Puis Jacques Chirac donne son feu vert à la destruction de l’ensemble de la flotte aérienne ivoirienne, annihilant toute possibilité de succès à l’opération « Dignité », lancée par Laurent Gbagbo, le président d’alors avec qui les relations étaient exécrables, pour reconquérir le nord du pays.

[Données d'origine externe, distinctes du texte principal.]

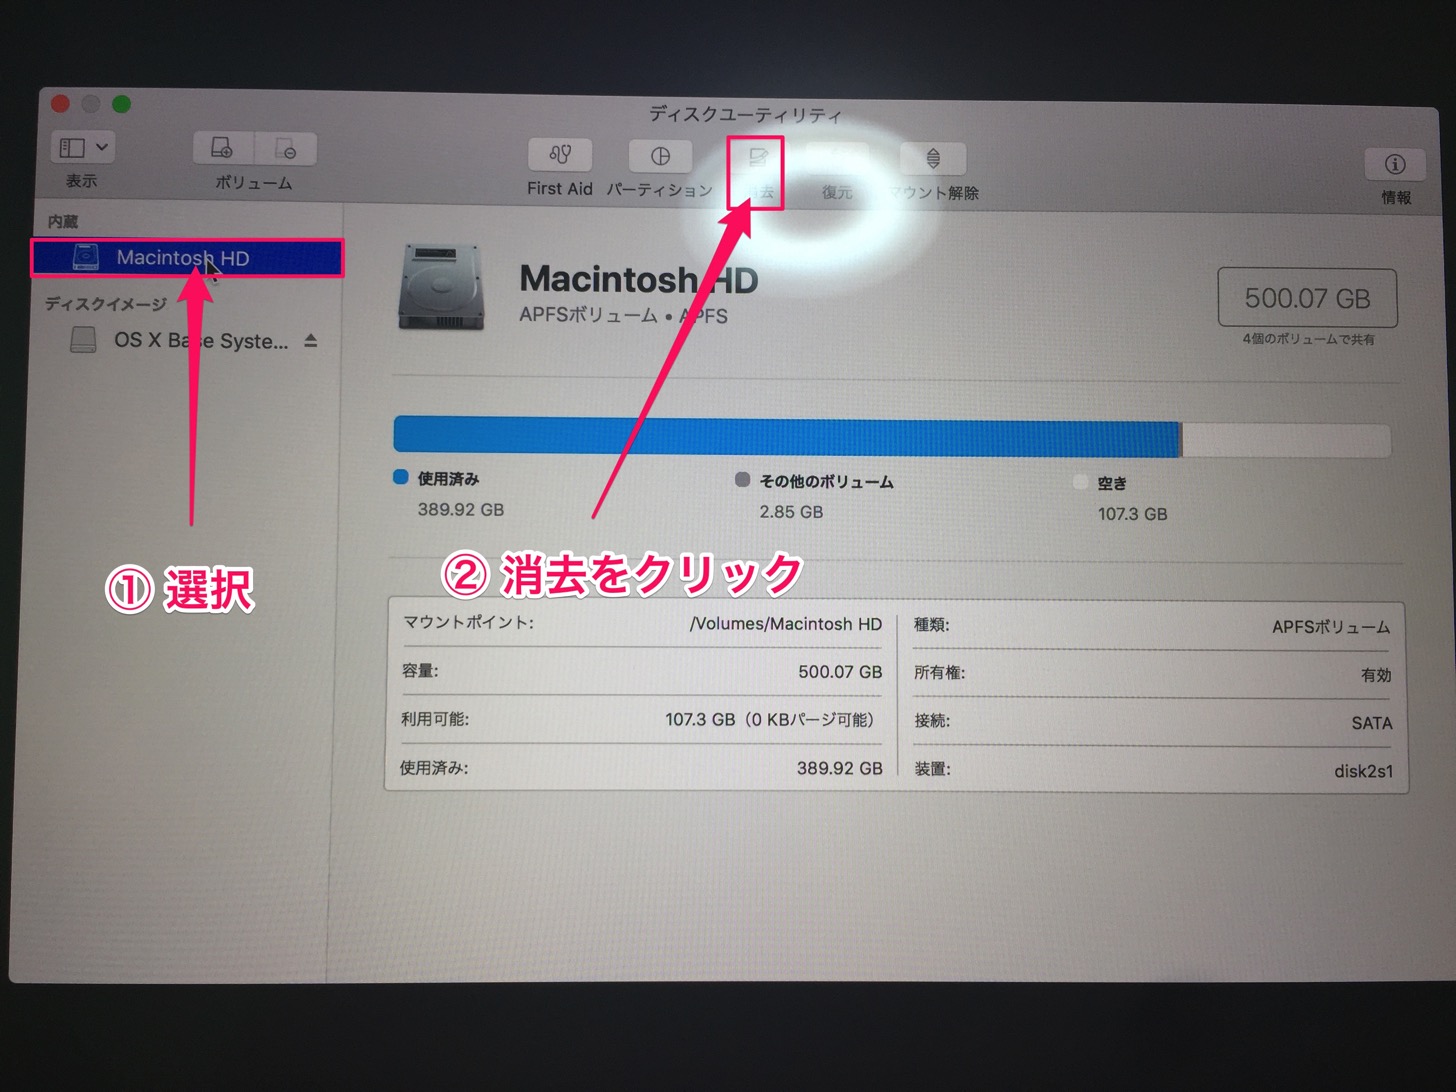 Macintosh HDを選択して消去をクリック
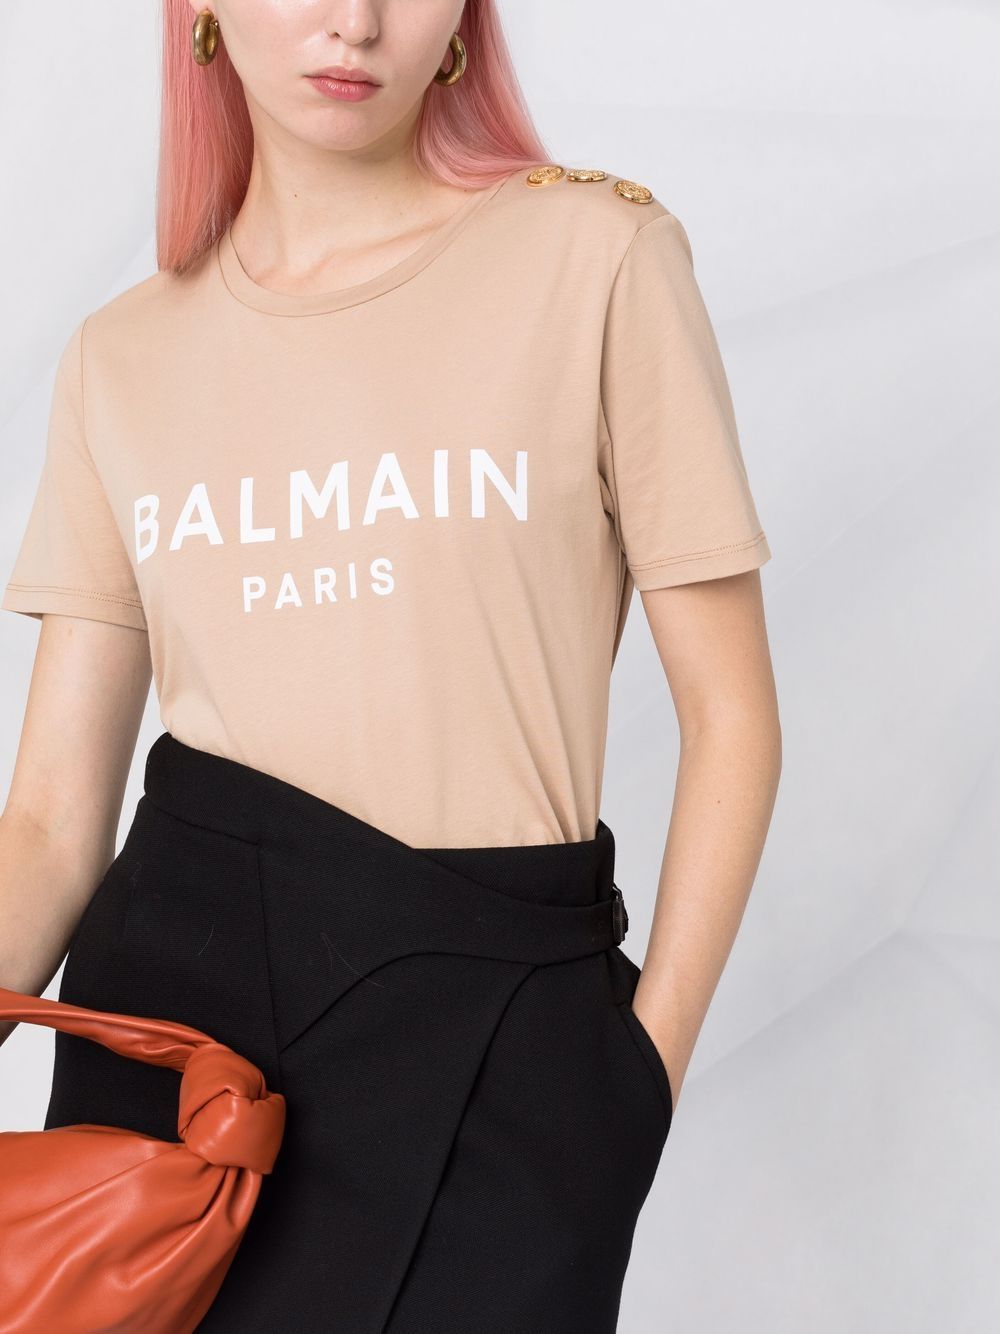 BALMAIN WOMEN SS 3 BTN Printer Balmain T-Shirt Classic Fit Sable/Blanc - MAISONDEFASHION.COM

Alors que la rue à Abidjan, chauffée par la Radio Télévision ivoirienne (RTI), s’embrase contre la France, ses entreprises, ses ressortissants, plusieurs détachements français stationnés dans le nord du pays redescendent en urgence, pulvérisant les barrages des Jeunes patriotes. Sur les ponts de la capitale économique ivoirienne, les hélicoptères français empêchent le passage de ces partisans de Laurent Gbagbo par des tirs de barrage.
Devant l’hôtel Ivoire, le 9 novembre, où des milliers d’entre eux se sont massés pour, disent-ils, empêcher le renversement par la France de leur président après que des blindés se sont positionnés à proximité de sa résidence, mais aussi bloquer de fait l’évacuation des ressortissants français, les soldats français tirent. Les autorités ivoiriennes de l’époque annoncent un bilan de 57 morts et 2 226 blessés mais ne feront aucun procès.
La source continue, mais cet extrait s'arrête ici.